# Solved: My sound stopped working!



## Sicopath123 (May 4, 2007)

I don't know what happened but i just turned my computer on like normal and noticed the sound wasn't playing when i opened itunes...so i plugged my headphones in to make sure it wasn't just the speakers...and i tried playing other things with sound and nothing the sound just stopped!? nothing is muted i already checked and i have my volume all the way up...i have no idea what happened?

(i don't know if im posting this in the right forum if its not the right forum tell me which one is and i will move it)

*Problem solved and now i feel retarded hahaha*


----------



## ferrija1 (Apr 11, 2006)

Are all the cables connected? In Control Panel > Sounds and Audio devices, is the volume all the way up?


----------



## Sicopath123 (May 4, 2007)

ferrija1 said:


> Are all the cables connected? In Control Panel > Sounds and Audio devices, is the volume all the way up?
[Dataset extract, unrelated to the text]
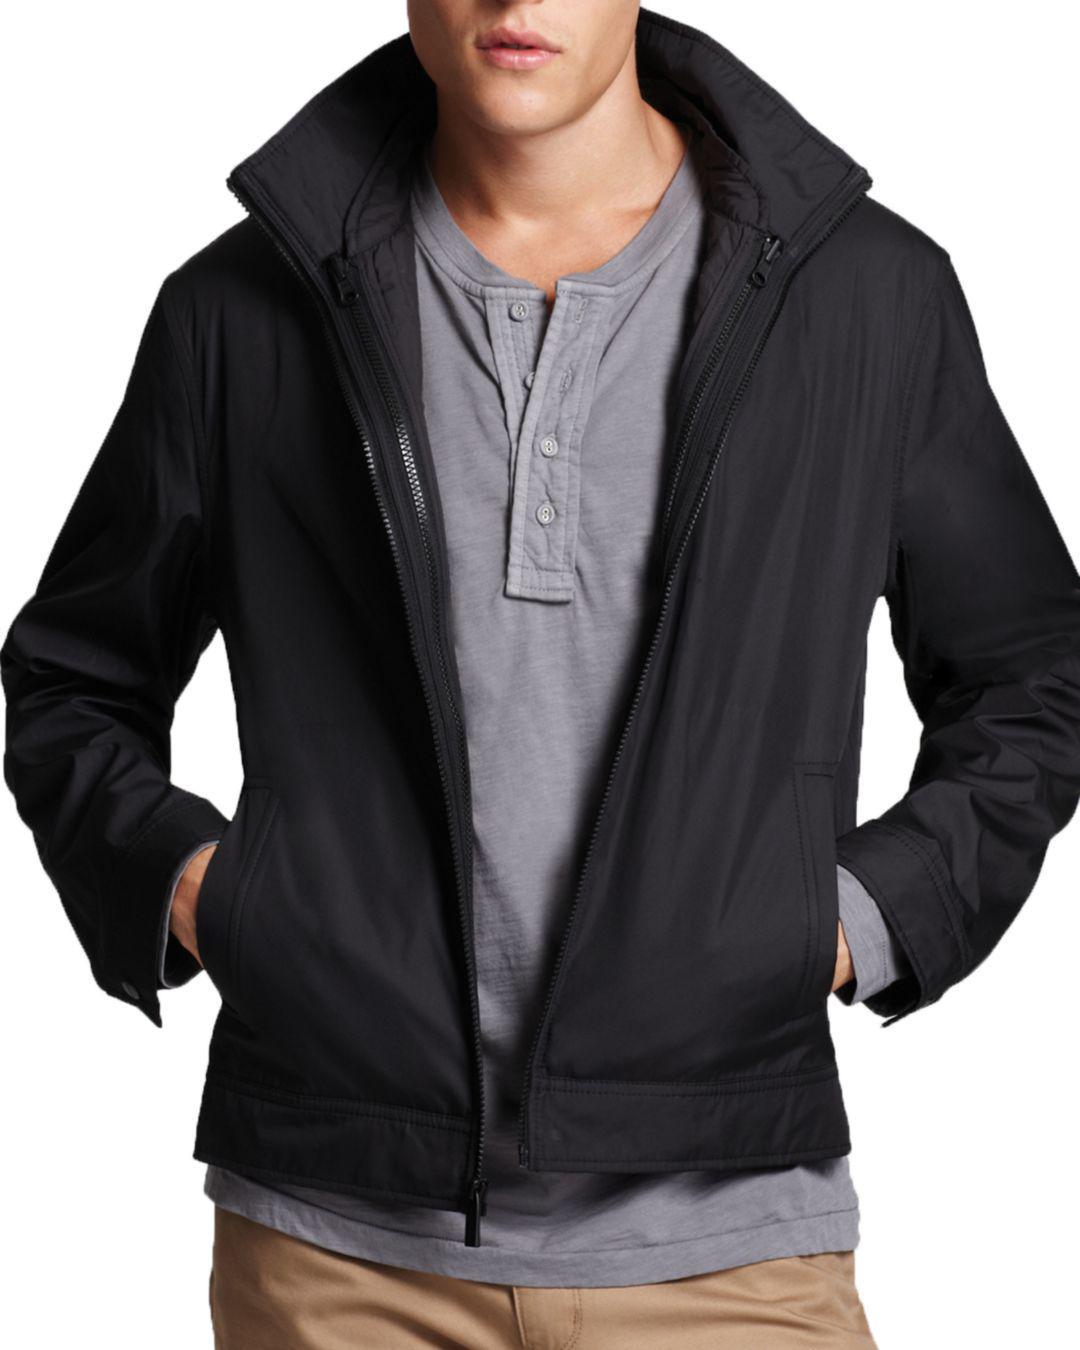 1cbb95bb4bc84 Lyst - Michael Kors 3-in-1 Track Jacket in Black for Men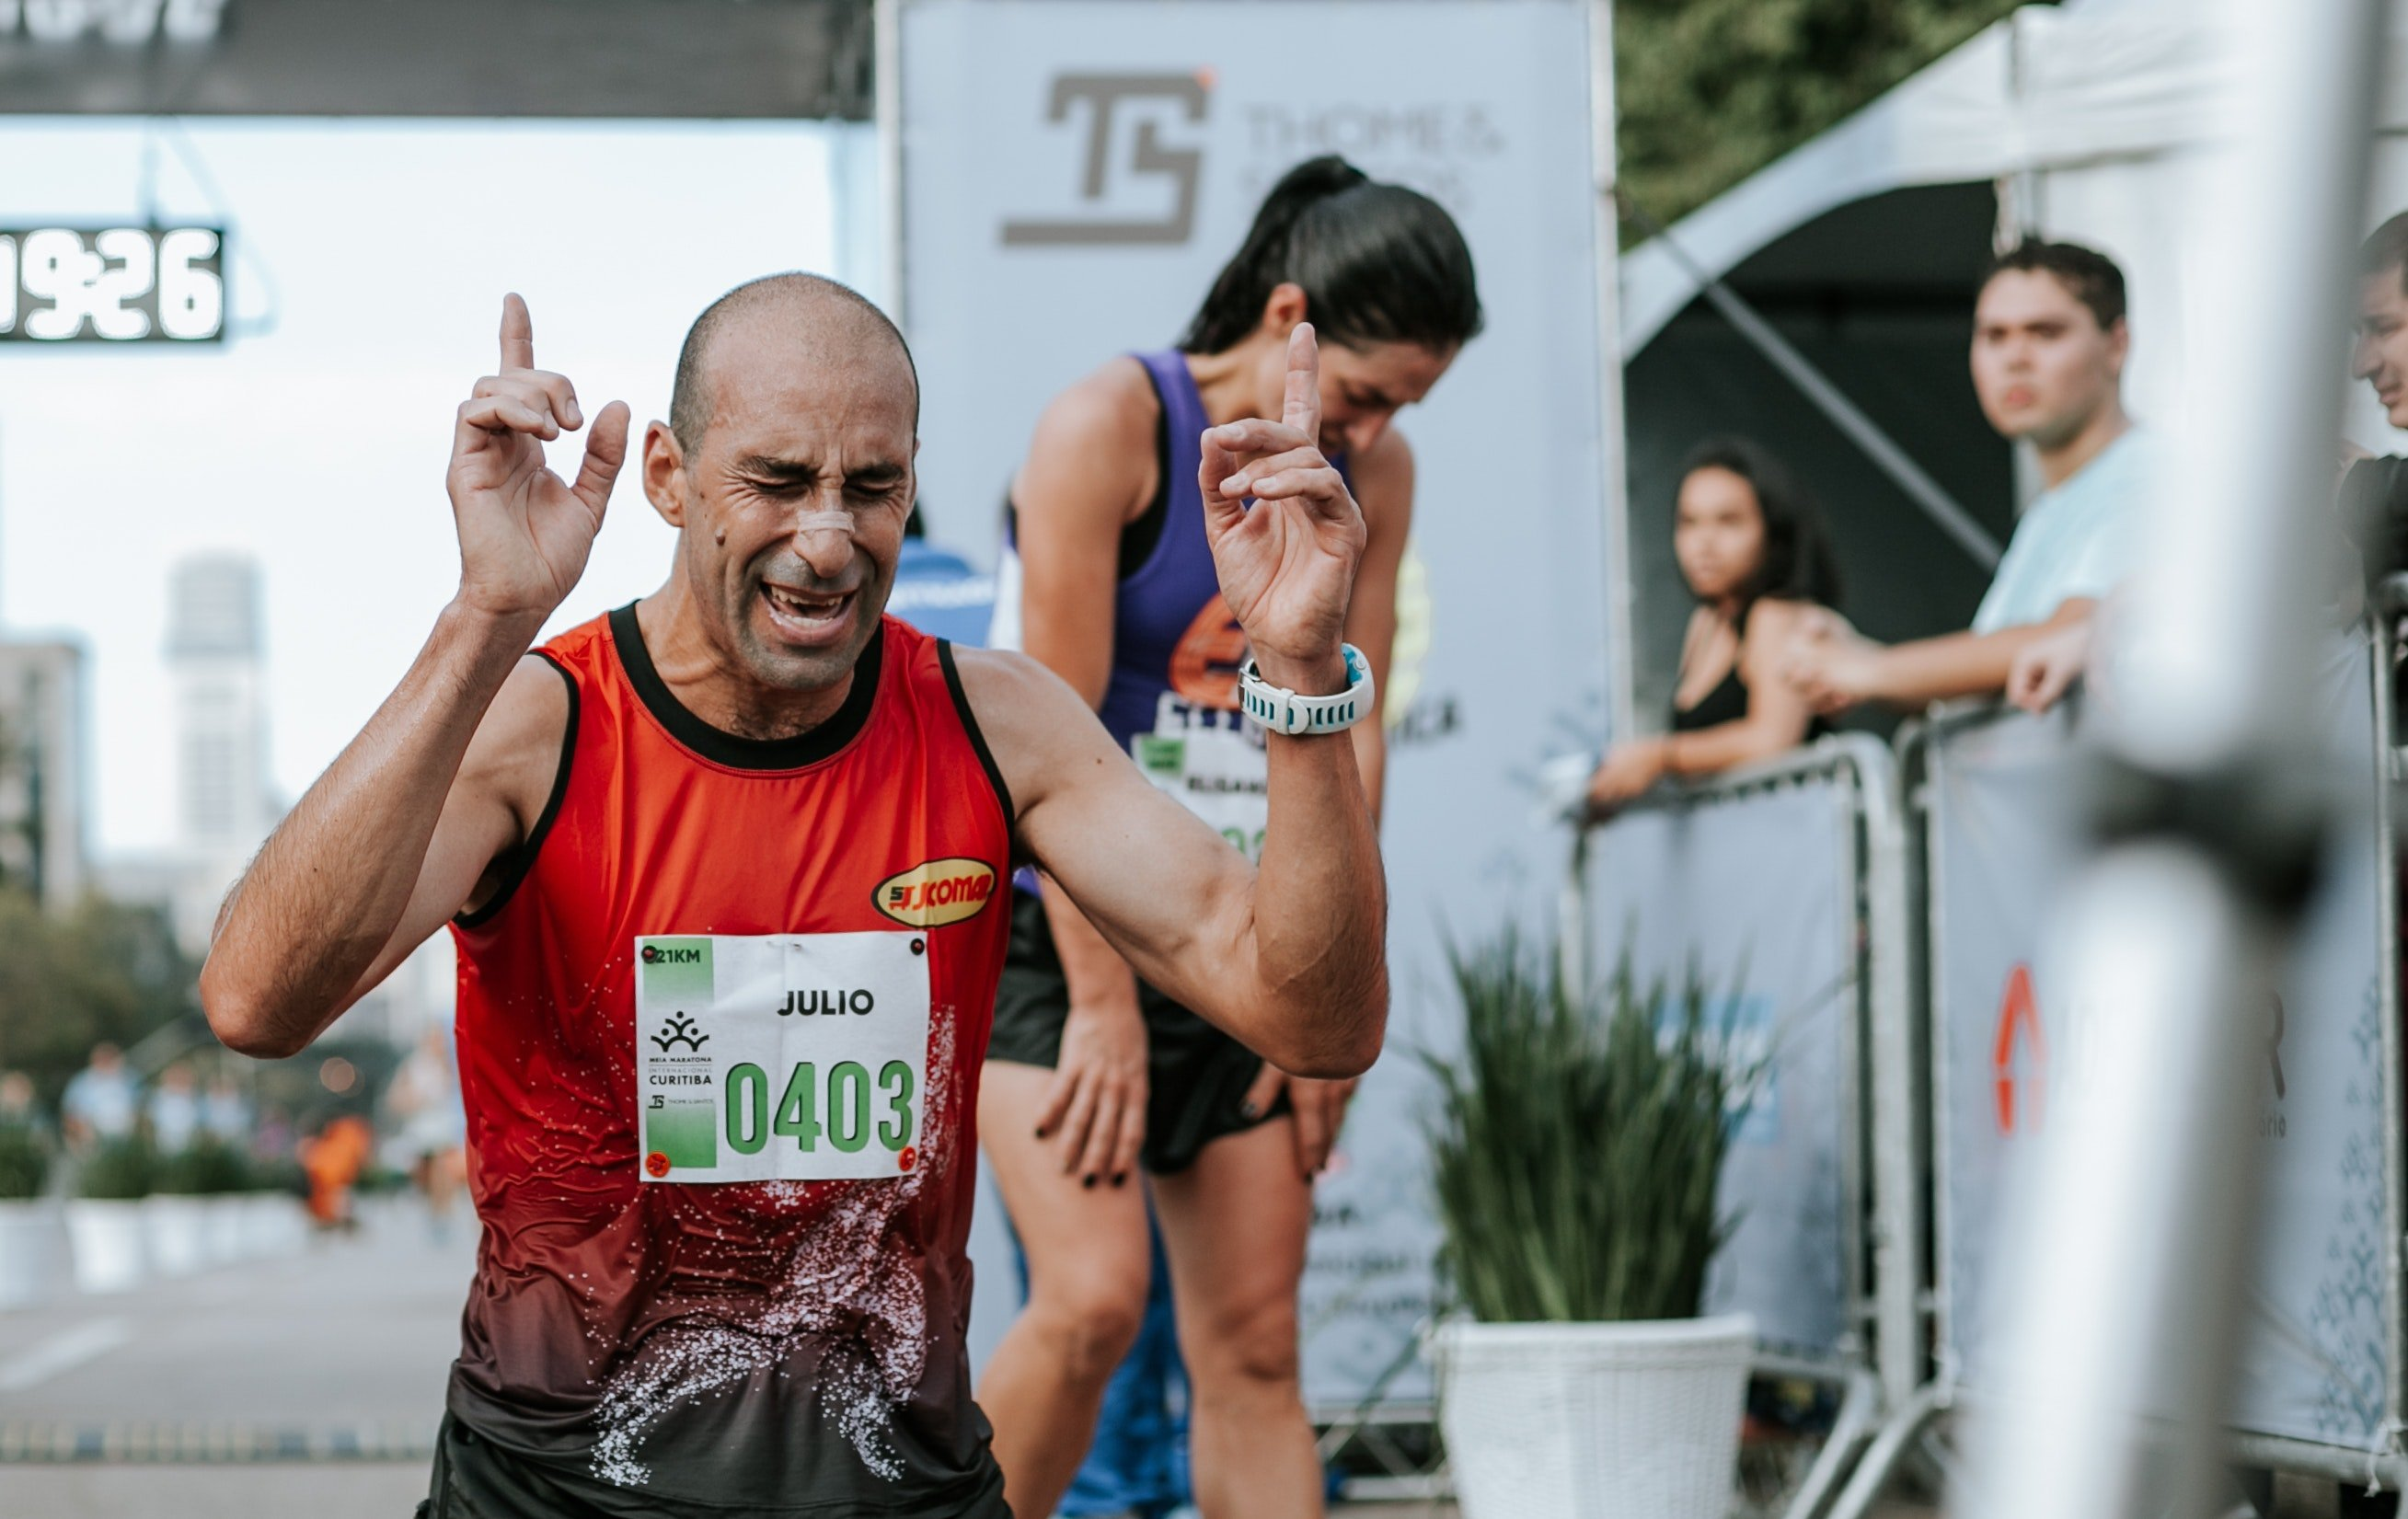 man on the finish line

yep already checked that all and i know its not the speakers becuase i plugged my headphones into the computer and they won't work either
and i alread turned all the volume controls up...wait ok now i feel retarded...some how the wave volume on the volume control went down...? weird but wow i feel a bit retarded now ha ha thanks


----------



## ferrija1 (Apr 11, 2006)

Sure. 

If your thread is solved, please mark your thread solved by selecting _*Mark Solved*_ and clicking _*Perform Action*_ in the _*Thread Tools*_ at the top of your thread.


----------



## Sicopath123 (May 4, 2007)

ferrija1 said:


> Sure.
> 
> If your thread is solved, please mark your thread solved by selecting _*Mark Solved*_ and clicking _*Perform Action*_ in the _*Thread Tools*_ at the top of your thread.


Done...

once again i feel retarded ha ha ha thanks alot i would have went into every sound program thing i could find to see what was wrong ha ha


----------



## ferrija1 (Apr 11, 2006)

Sicopath123 said:


> Done...
> 
> once again i feel retarded ha ha ha thanks alot i would have went into every sound program thing i could find to see what was wrong ha ha


That's fine, don't feel bad.


----------



## maz19690 (May 6, 2007)

Hiya

Well I have a problem with my sound. Computer fine one minute, then I was removing some old tat and then restarted the computer and for some reason I have no sound device. I have looked at everything and can't find anything wrong anywhere other than the computer cannot detect a sound device!! The computer is only 7 months old so it's not worn out! can anyone help??? I want my sounds!!

maz
p.s. sorry If I'm being a numpty!!


----------



## ferrija1 (Apr 11, 2006)

maz19690 said:


> Hiya
> 
> Well I have a problem with my sound. Computer fine one minute, then I was removing some old tat and then restarted the computer and for some reason I have no sound device. I have looked at everything and can't find anything wrong anywhere other than the computer cannot detect a sound device!! The computer is only 7 months old so it's not worn out! can anyone help??? I want my sounds!!
> 
> ...


Please create your own thread for this.


----------